Dynamic Programming:
F(a,b,r) = can a number made up of a ones and b zeros give a remainder r when divided by N.
Base: F(0,0,0) = true, F(0,0,r ) = false.
Recalculation: Iterative recalculation is like this - F(a,b,r) => then F(a+1,b,(2*r+1) % N) and F(a,b+1,(2*r+1 ) % N) Here we know that there is a number that gives the remainder r of a ones and b zeros. If we add 1 to it at the end, then the remainder will be (2 * r + 1)% N, and there will be one more units. You can also almost assign 0.
For recursive, you must first get rid of all powers of 2 in N (just count the power, subtract it from B, divide N by all twos - There must be so many zeros at the end of the number).
Now you can find x such that 2x = 1 (mod N) is the reciprocal of 2 mod N. See Extended Euclid's Algorithm for this.
Then you can calculate like this (N is odd):
F(a,b,r) = F(a-1,b, (r-1)*x % N) || F(a, b-1, r*x % N).
The explanation here is also simple - the number either ends in 0 or 1. Let's try both options and erase the last digit. The remaining number should give the remainder (r-1)*x % N or r*x % N respectively.
Answer: If F(A,B,0) - true, then there is a number divisible by N. To find the number, you must additionally remember which numbers were assigned to the numbers in the calculations above.

Max number for A+B bits = C = 2^(A+B) - 2^B , i.e. for 9 bits it is 2^9-2^2 = 512-4 = 508
You need to find all numbers from N to C inclusive, which are divisible by N without a remainder (in fact, they are the product of N by the cycle index from 1 to (C div N) inclusive), and check if they are sums of non-repeating powers of two, and if they are, then whether the number of numbers in the sum equals the value of A . Those. check if all A bits are enabled.
For this case, at N = 25 , 508 div 25 = 20(iterations).
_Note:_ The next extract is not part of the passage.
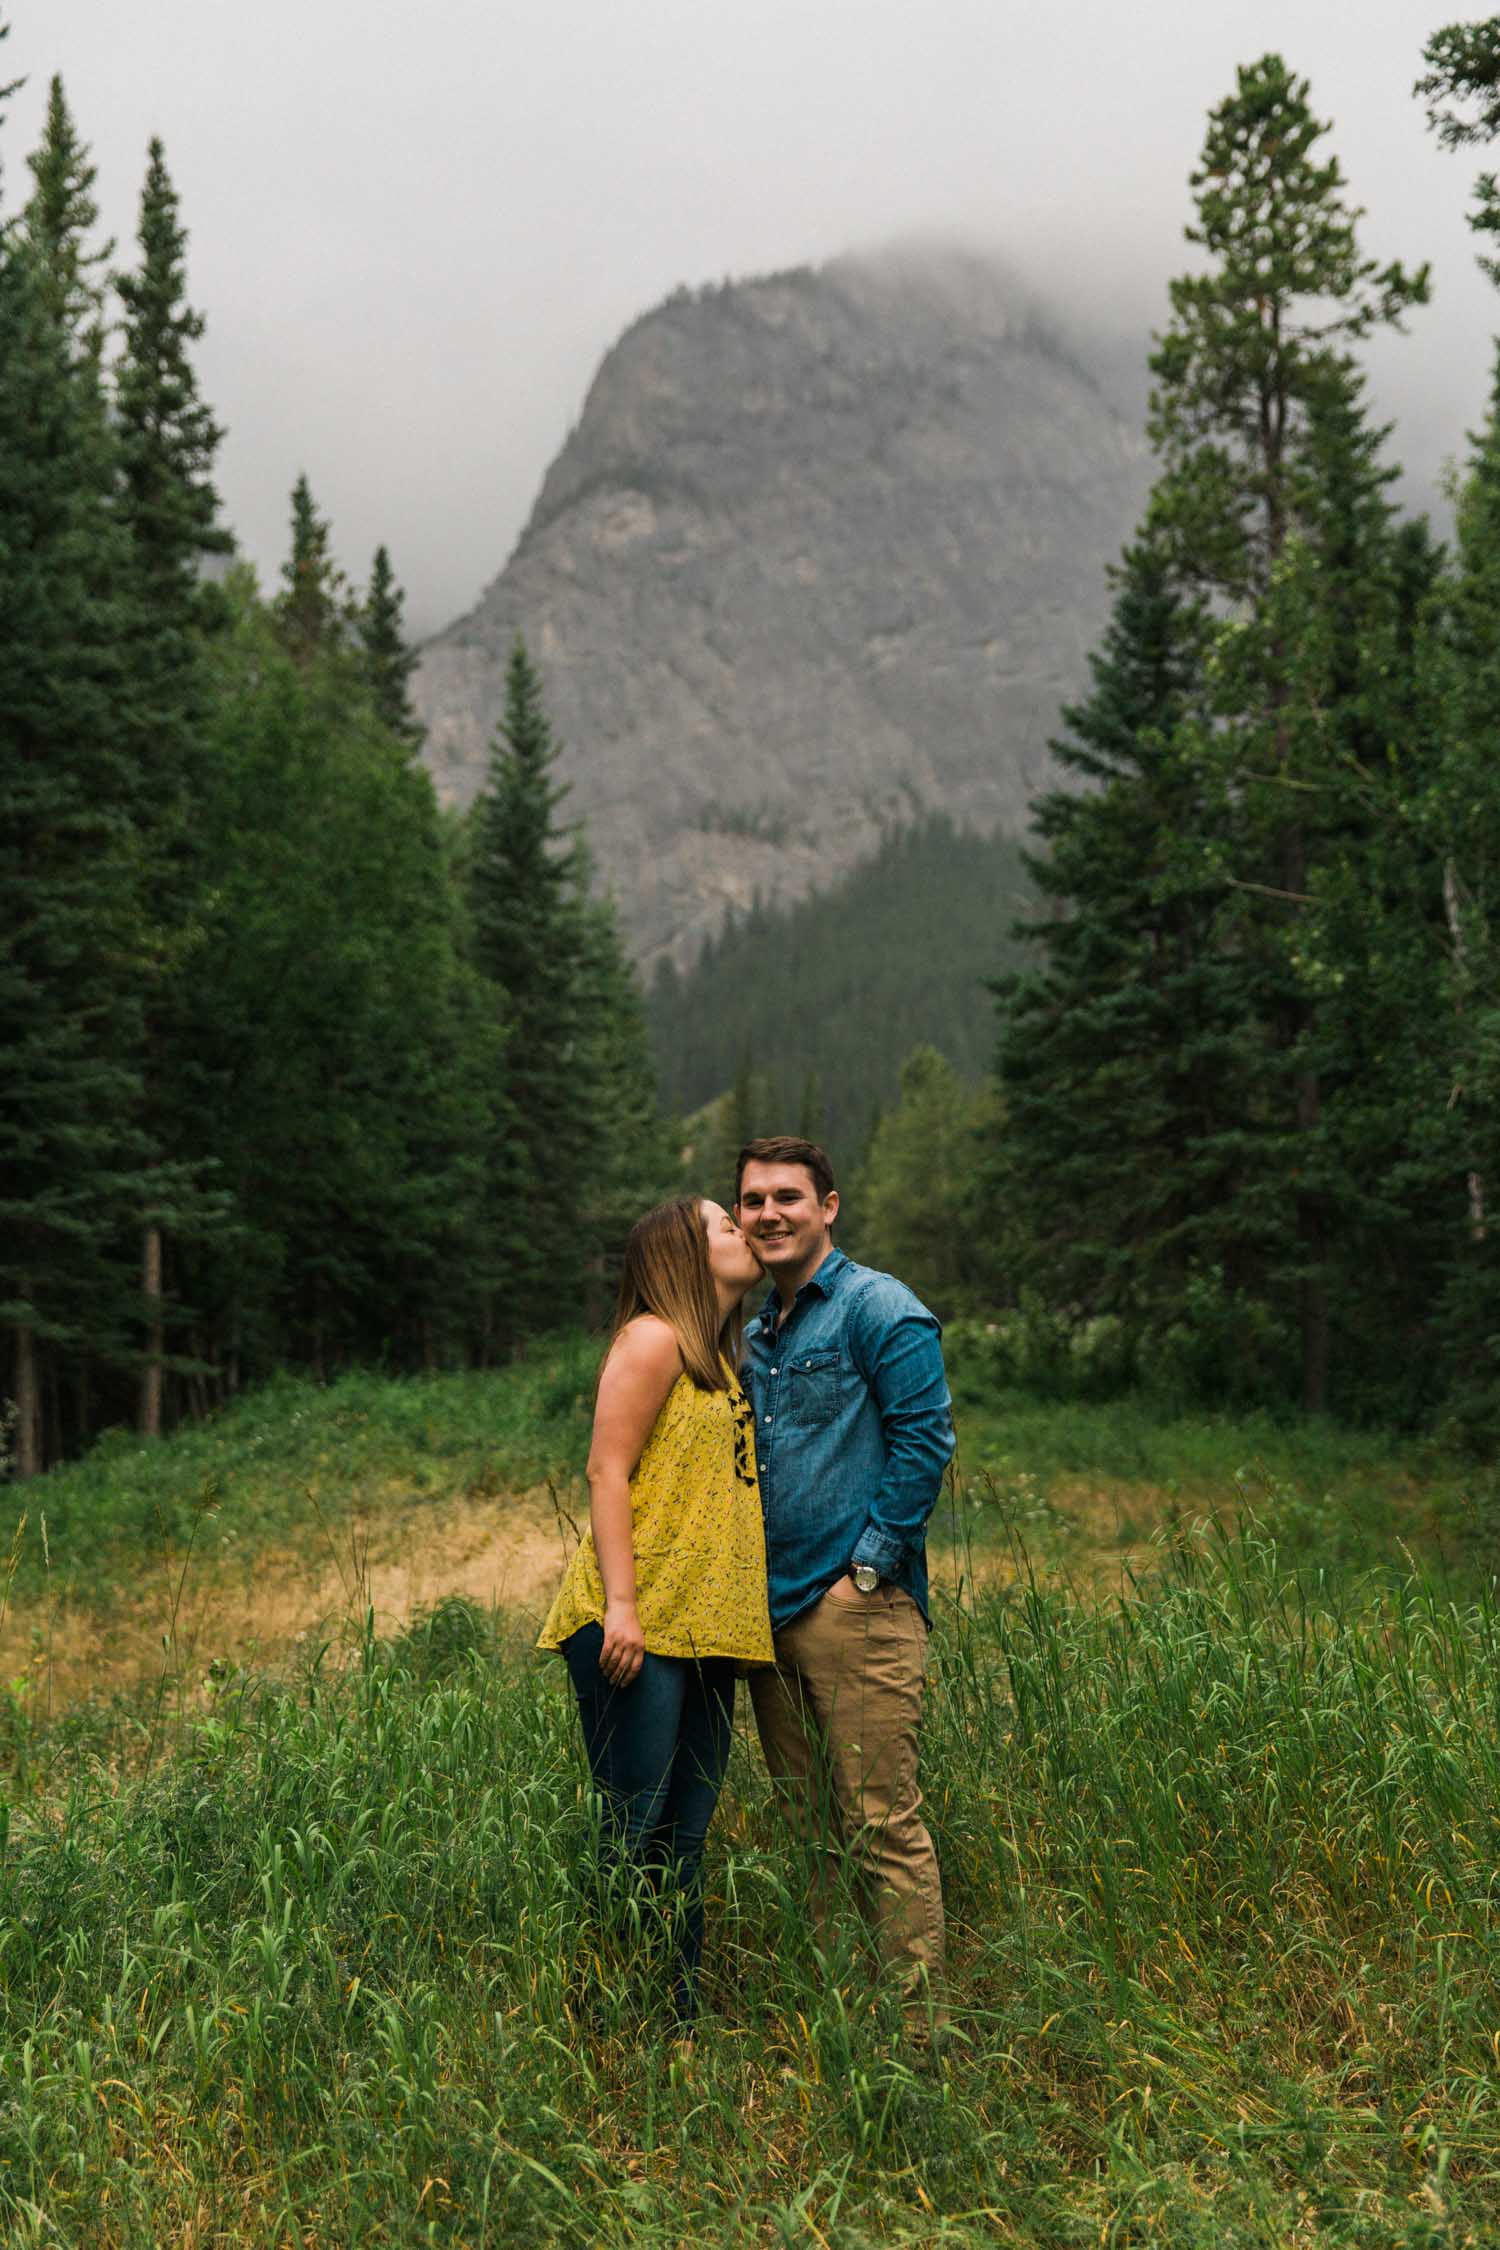 Camping on Vacation Engagement Photographer Jennie Guenard Photography

It is necessary to check whether the product of the cycle index by N is the sum of A (7) numbers (not repeating powers of two from 0 to A + B-1 (8)).
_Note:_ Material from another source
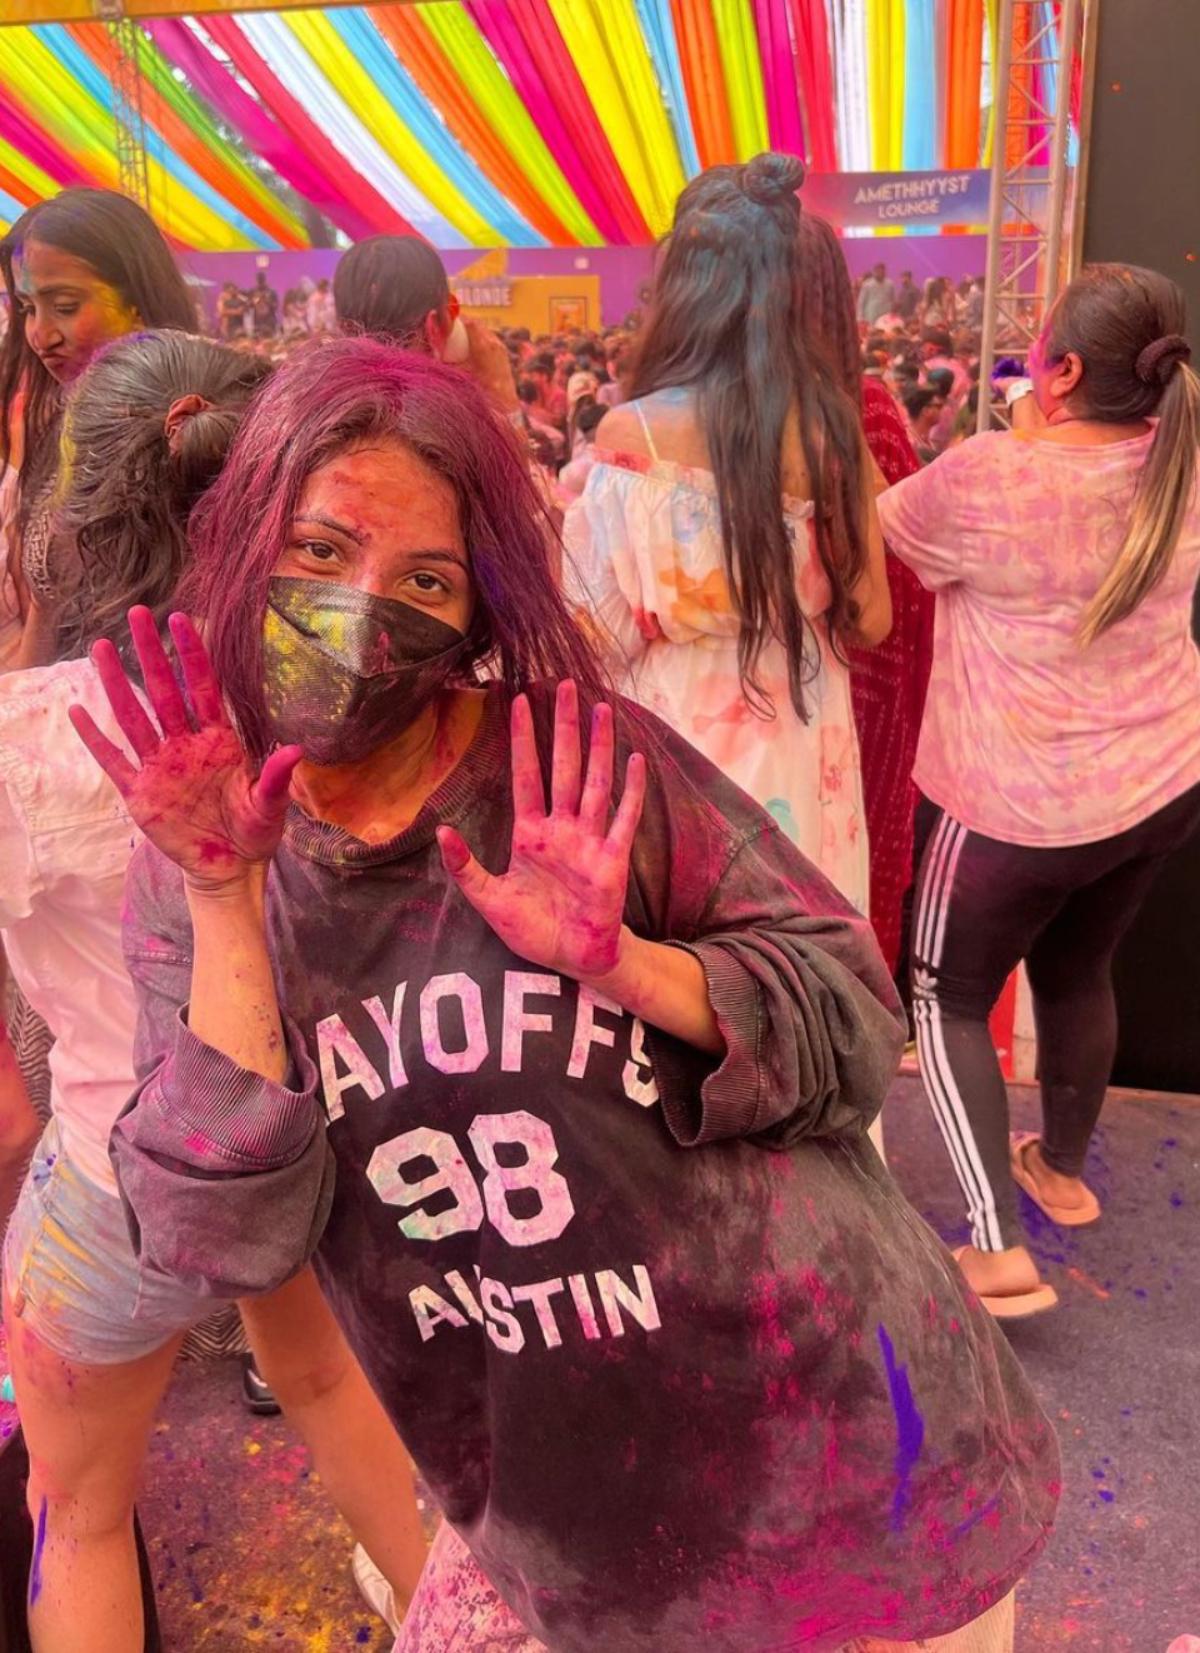 'Bigg Boss 13' fame, Shehnaaz Gill unleashed her goofy side as she ringed into Holi celebrations with her close friends at Ankita Lokhande's Holi bash. On Tuesday, Shehnaaz took to Instagram to drop a string of funny photos of her striking hilarious poses while being soaked up in various colours from head to toe.

Numbers (powers of two) can be pre-calculated and added to an array, and taken from there by index.
So the hardest thing to write is a function that will check if its argument is the sum of A non-repeating powers of 2 from 0 to A+B-1 .
You do not need to check everything, you can interrupt the execution on the first positive result.
You can quickly check for a power of two through the bit comparison operation AND
For example K = 13 (8+4+1), then K & 1 = 1, K & 2 = 0, K & 4 ​​= 4, K & 8 = 8. I.e. it is obvious that if K & 2^i > 0, then the number contains a power of two. Well, it remains to count for each number how many powers of two it contains.
Again, it is necessary to check not with all powers of two, but with the nearest smaller one from K, i.e. for K=28, the maximum power of two for comparison will be 16. For K=50 - 32, for K=100 - 64, etc.
It will be necessary to somehow calculate this degree, best of all lazily. Just by calculating the next K, check if it is greater than the next power of two.
https://codedump.io/share/hMw9j5suUF41/1/doesbinar... here is a fluent solution on JS
PS: the solution needs optimization, but it's already on its own :)

If we swap some 0 and 1 places, then if the criterion exists, the divisor should not change.
Such N must divide any continuous sequence of ones, including one. That is, nothing can be said.